The set is an abstracted replica of the author’s childhood apartment, painted white, which gives you a sense of this encounter between mother (Caroline Lagerfelt) and son (Ari Fliakos) as being a sort of “afterlife.” The mother’s entire existence centers around a giant bed, at least king-sized, one based on the son’s memories. They did everything on that bed: eating, playing games, entertaining guests…it’s a bed that has soaked up decades of life and it’s a kingdom where the mother is Queen. And where the son is a mere visitor for the most part. He observes, from a distance, and bring the audiences into a secret, sacred space.

“She smokes. She naps. She drinks coffee (from a mason jar). She talks on the phone.”

“She smokes.” You can almost smell the scent of tobacco. “She smokes.” These are perhaps the most frequently repeated two words in the entire play, like an echo, as if a single idea can keep a person alive.

The staging of the piece by the ingenious director Knud Adams is as precise and elegant as the language. The son starts off a visitor, lingering on the periphery, and eventually is able to re-enter mother’s sphere and engage in an unfiltered conversation with her. When that happens it’s particularly powerful.

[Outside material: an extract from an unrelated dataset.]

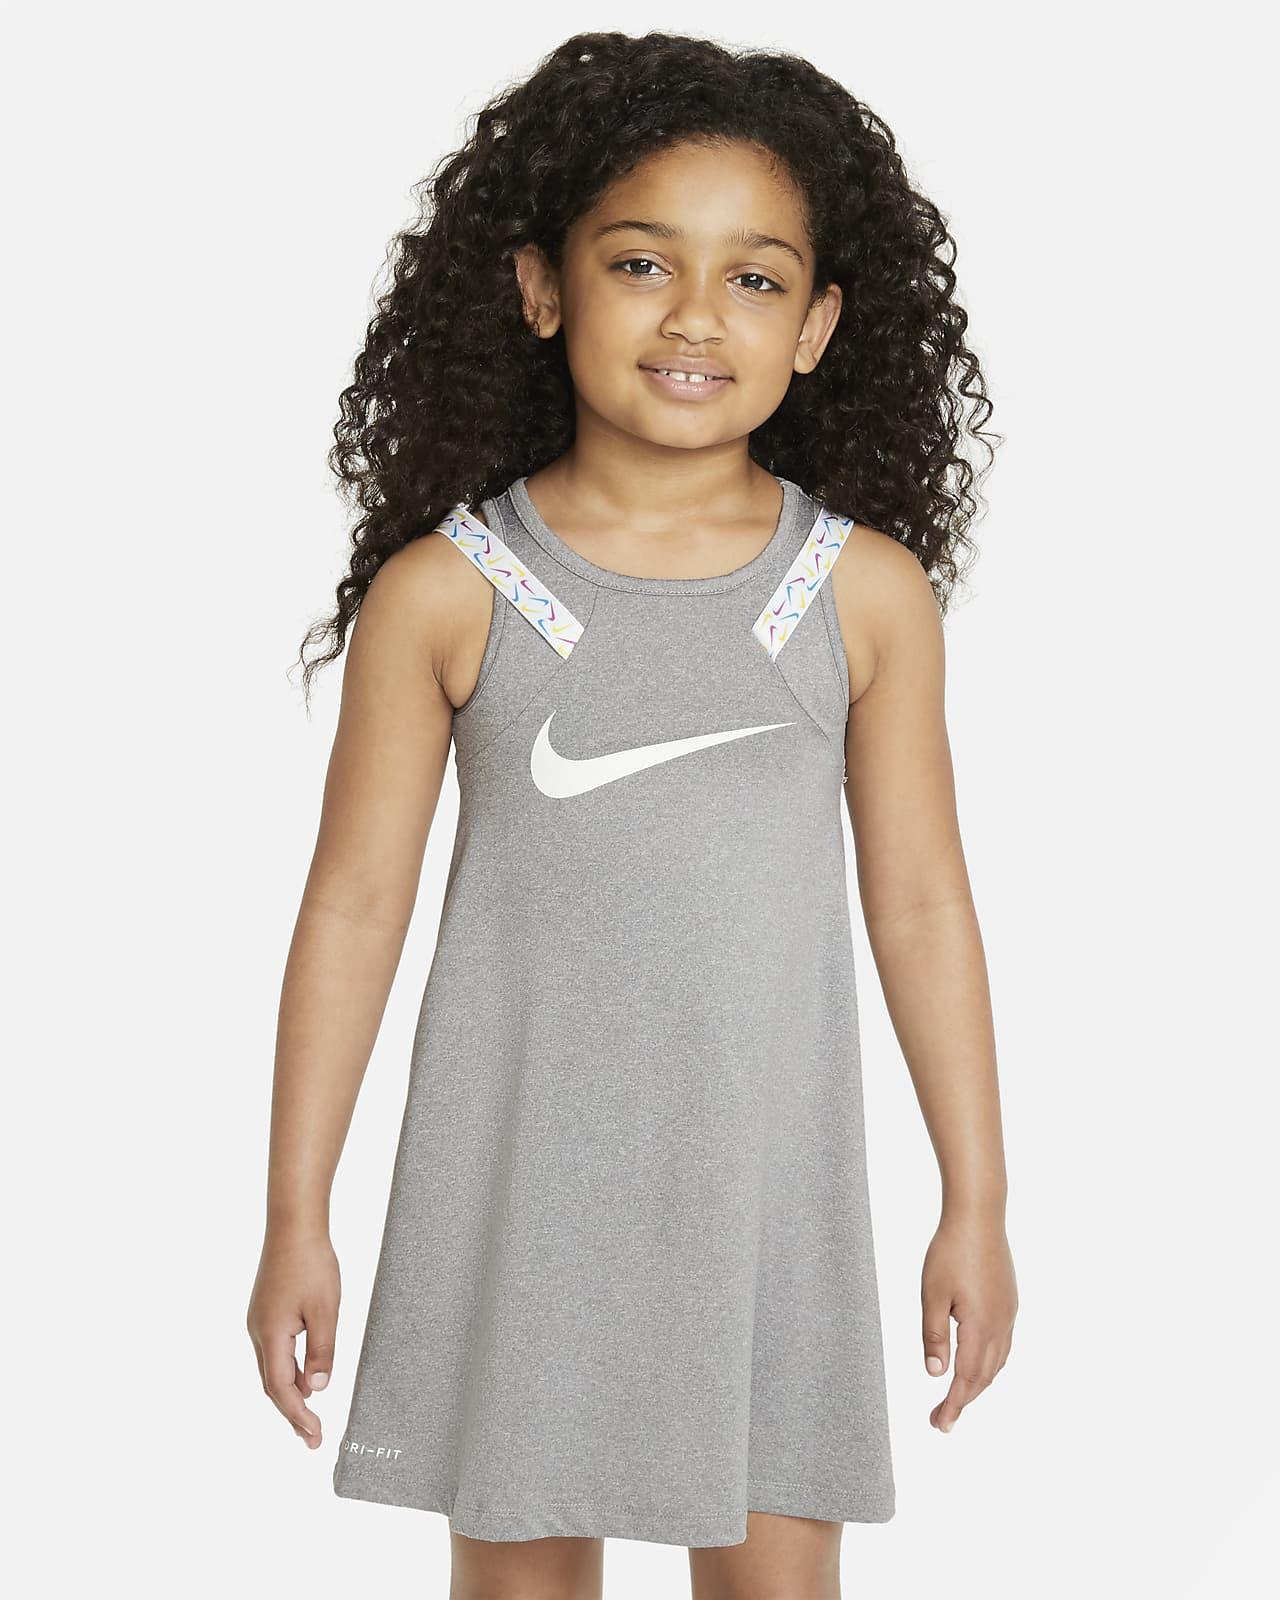 Vestido para niñas talla pequeña Nike Dri-FIT

This is an extremely quiet play. The slightest rustling from the audience (let alone someone with a chronic cough) might ruin it. It’s a piece that demands, as well as commands, your undivided attention. It helps that the two actors are both tremendous presences to be reckoned with. Fliakos portrays the son as the personification of being grounded, and has the ability to treat each word delicately. It also helps that he’s no stranger to performing organically and masterfully with just words, without the assistance of any circumstantial design elements. (Those who listen to audio books might recognize his voice from Mr. Penumbra’s 24-Hour Bookstore, The Nix, and many more.)

Standing with equal footing is Caroline Lagerfelt, who plays (Andy’s) mother. She possesses the ability to be so exquisitely delicate, and simultaneously so powerful. It’s astonishing to witness someone who commands the entire theatre space while leaning on a bed, without moving an inch.

Notes on My Mother’s Decline is, to be sure, not a fun play to see (if that’s what you want for an evening out). But it’s a gorgeous piece of theatre made with care and an abundance of love. It’s a narrative with which I personally resonated, one where every detail is made deliciously vivid, which makes me believe that it’s a narrative with universal relevance for anyone who has had, or will have, to say goodbye to their mothers.

(Notes On My Mother's Decline plays at 4th Street Theatre, 83 East 4th Street, through October 27, 2019. The running time is 1 hour 15 minutes with no intermission. Performances are Tuesdays through Saturdays at 7:30, and Sundays at 3. Tickets are $35 – $45 and are available at playco.org.)

Notes On My Mother's Decline is by Andy Bragen. Directed by Knud Adams. Set Design by Marsha Ginsberg. Lighting Design by Oona Curley. Sound Design by Per Mills Weiss. Costume Design by Sophia Choi.

The cast is Ari Fliakos and Caroline Lagerfelt.